Los hombros de Freddy comenzaron a temblar. Pensé que estaba llorando, pero una enorme carcajada resonó por toda la habitación. Siempre me había gustado su risa. Le salía del corazón.

—No tenía ni la menor idea de que fueras tan violenta —me dijo—. ¡Procuraré mantener las distancias!

Se me contagió la comicidad del momento y yo también me reí. Antes de que me diera cuenta de lo que estaba haciendo, me incliné y lo besé en el párpado. Apoyé la mejilla contra su hombro y él deslizó sus brazos a mi alrededor. Se me cortó la respiración por la sorpresa, pues el deseo me recorría de abajo arriba como una ola del océano. Freddy se dio la vuelta para ponerse de cara hacia mí y me besó en la frente. Le aparté el mechón de pelo que se le había caído sobre los ojos. El miedo paralizante que me había atenazado apenas unos minutos antes se desvaneció. Volví a reírme. Freddy abrió de un golpe mi camisón y recorrió mi estómago y mis caderas con la punta de sus dedos.

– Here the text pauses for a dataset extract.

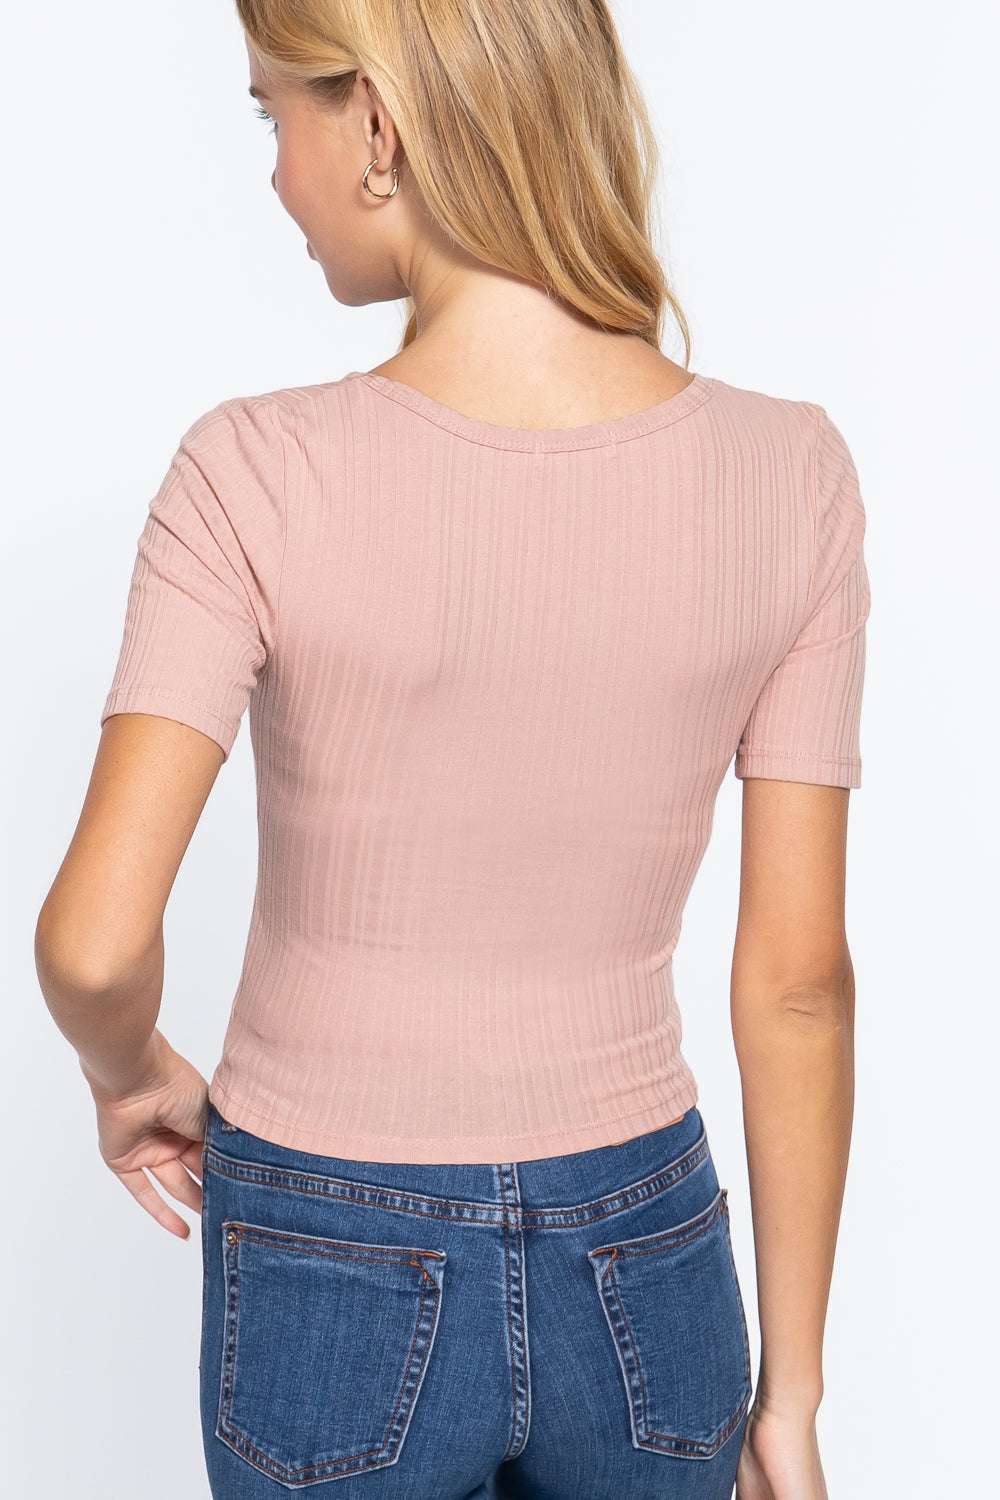 Elbow Sleeve Rib Knit Pink Cardigan Shirts & Tops jehouze

—Preciosa, hermosísima, exquisita —susurró.

Yo deslicé las manos por su pecho. Allá donde me tocaba, sentía un cosquilleo vivificante. Continuó sus exploraciones hacia abajo por mis piernas, y hacia arriba por el torso y mis pechos, acariciándome hasta que todo me dolía por el anhelo. Se introdujo en mí, contemplando mi rostro en busca de alguna señal de molestia. No había dolor, solo un placer tan intenso que no podía recordar nada similar.